Dunn, 37, is one year into a 99-year sentence for the murder. He is serving his time in the Mark W. Michael Unit in Tennessee Colony near Palestine.

He said he has kept up with news accounts of Kari's Law, named in honor of his victim and now the law in Texas. A national version of Kari's Law has been introduced in both chambers of Congress.

"I believe it's a good law," Dunn said Friday, speaking on a phone from the other side of glass partition in a prison visitation booth. “I hate to be the one that caused it.”

But he doesn’t believe Kari’s Law would have saved Kari Rene Hunt Dunn.

"Nobody could have saved her," Dunn said. "I stabbed her 21 times ... in five minutes. ... If my daughter would have dialed 911, it would not have saved her. ... Even if a doctor would have showed up ... there was no way to save her."

Dunn said he’s also read of a woman who could not reach emergency services via 911 when her father suffered a heart attack, and in such cases the law could make a difference.

"It might not help with murder, but it could help with a lot of things," he said of the law. "There's a lot of crimes that it could help prevent. At that particular crime, no, but I think it would help prevent — there's other crimes."

His victim's father, Henry Hunt, later disagreed with Dunn's assessment.
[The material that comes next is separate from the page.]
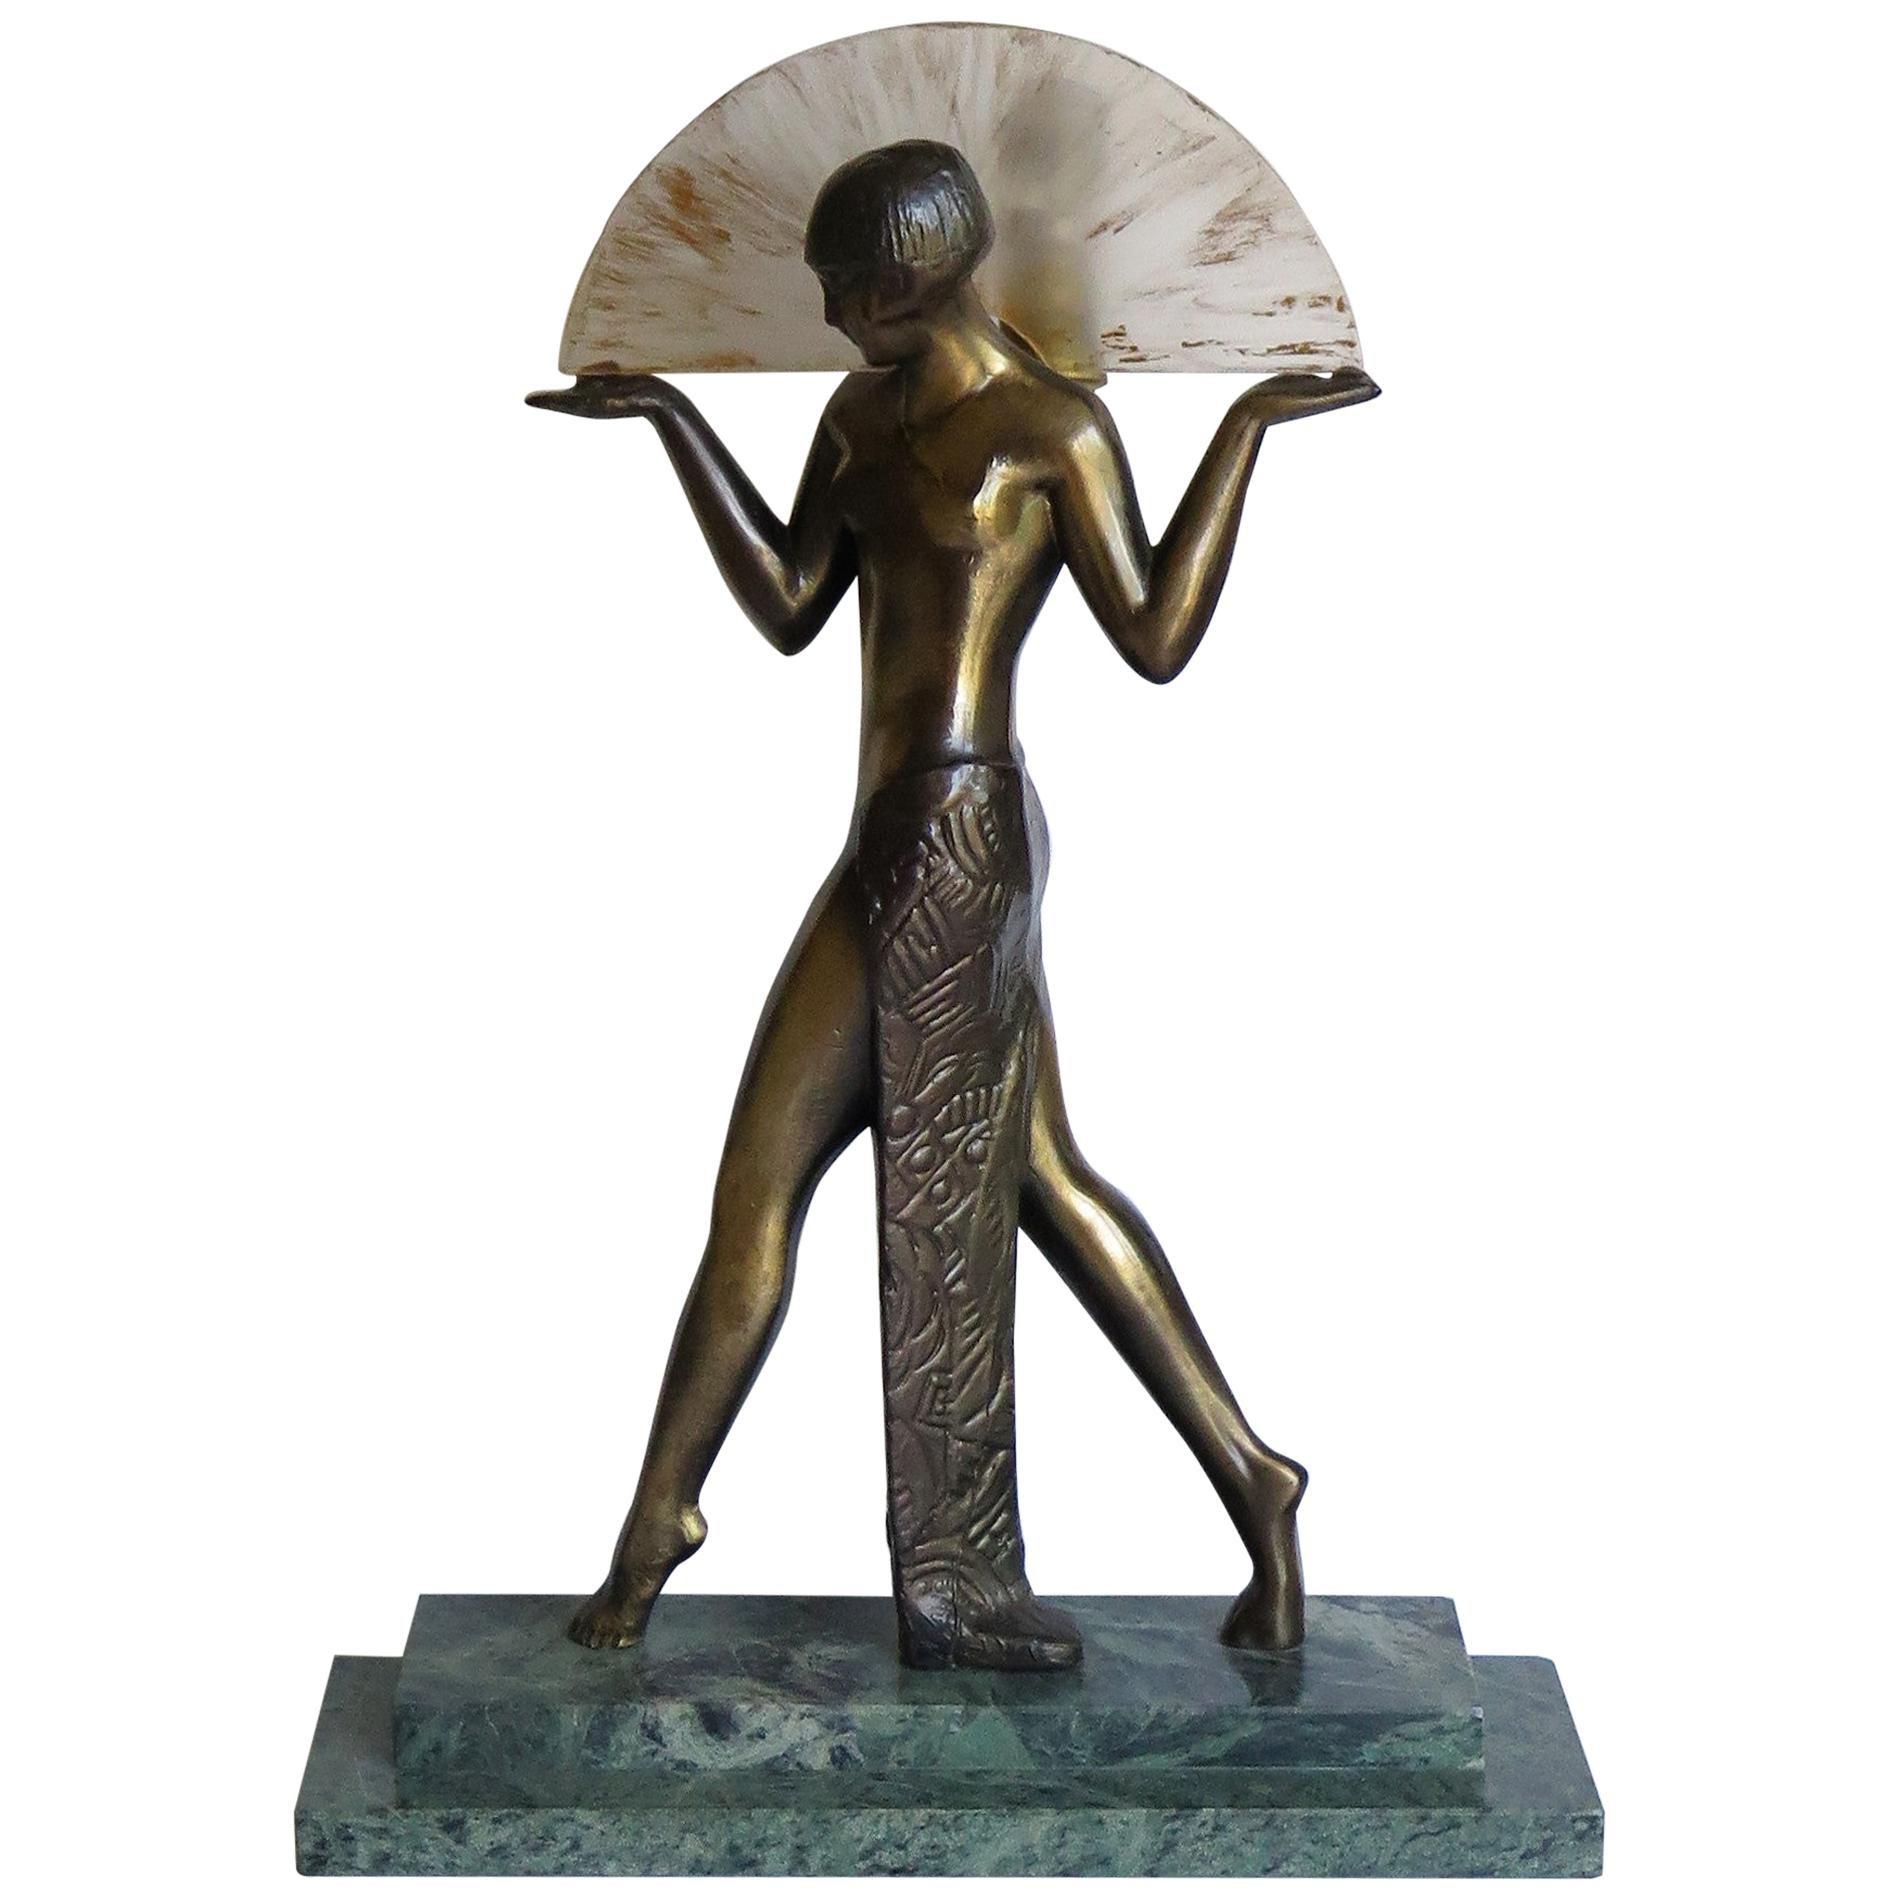 Art Deco Style Fan Dancer Figurine Lamp after Max Le Verrier, Mid-20th Century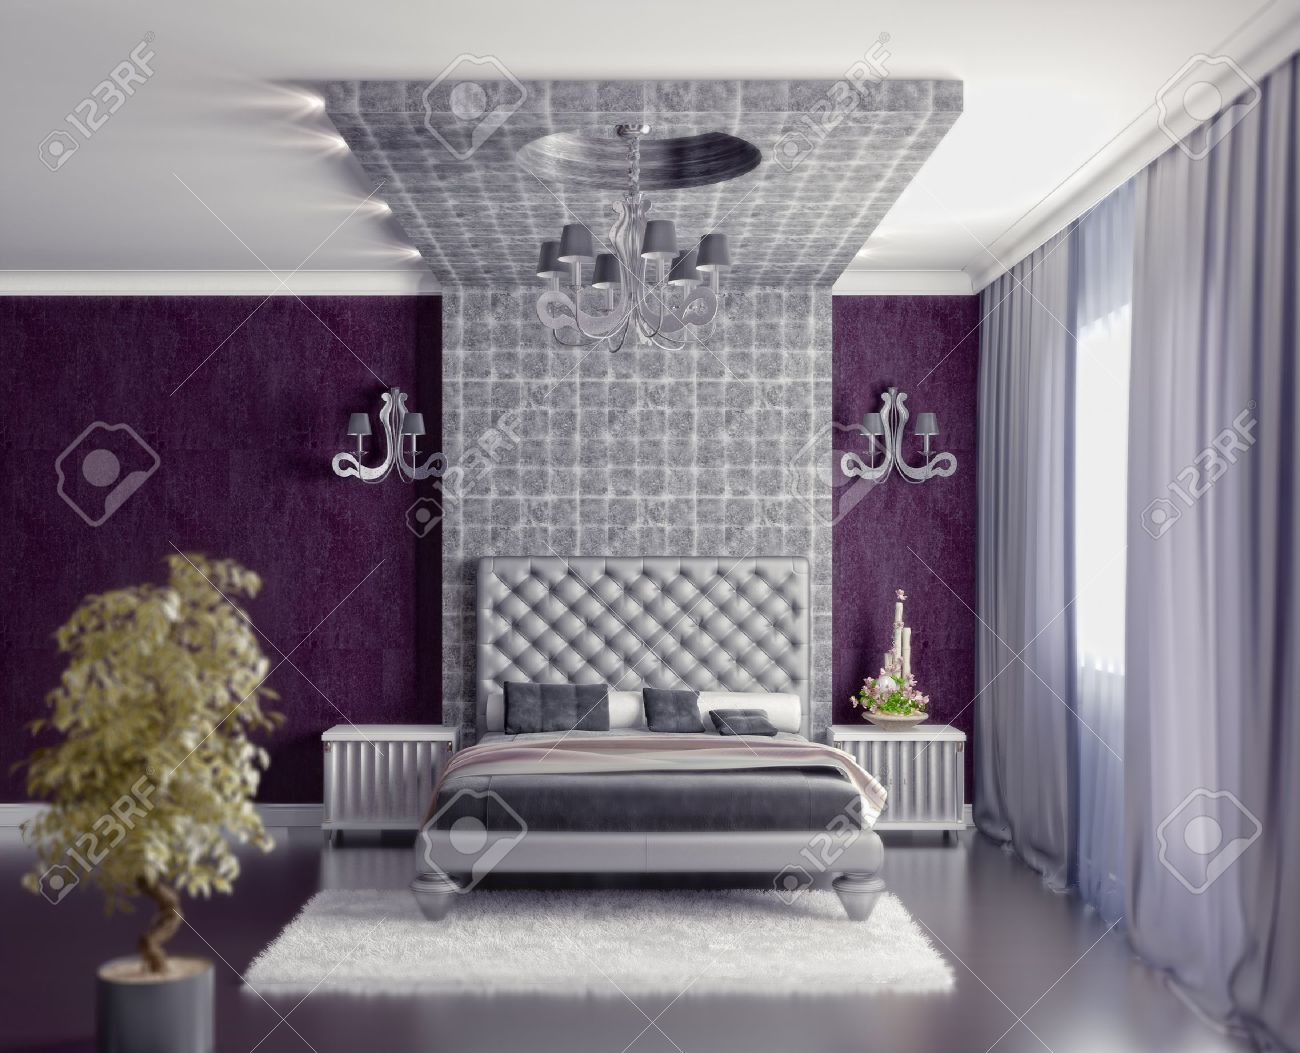 Moderne Stijl Slaapkamer Interieur 3d Renderen (DOF Efffect ...

He said Kari's Law might have helped his daughter, and that it already has helped rescue crews come to the rescue of another stabbing victim.

A 911 call from the same Marshall hotel, now the Baymont Inn & Suites, brought responders to the scene within minutes, and that victim survived, Hunt said.

"It was just a few months ago," Hunt said. "There's no way to know (about Dunn's crime), but when he left her, she was alive."

Dunn said his wife died before he left, but Hunt countered that Dunn asked a police officer during his arrest if his wife was dead.

"That's the first thing he asked the police officer," Hunt said. "And the police officer said, 'Who's dead?' "

Of the crime itself, Dunn said he killed his estranged wife in a sudden rage that had built during a two-week span in which she announced their 10-year marriage was ending and he learned she was seeing someone romantically.

She had agreed to bring their three children to see him and told him to get a motel room for the visit.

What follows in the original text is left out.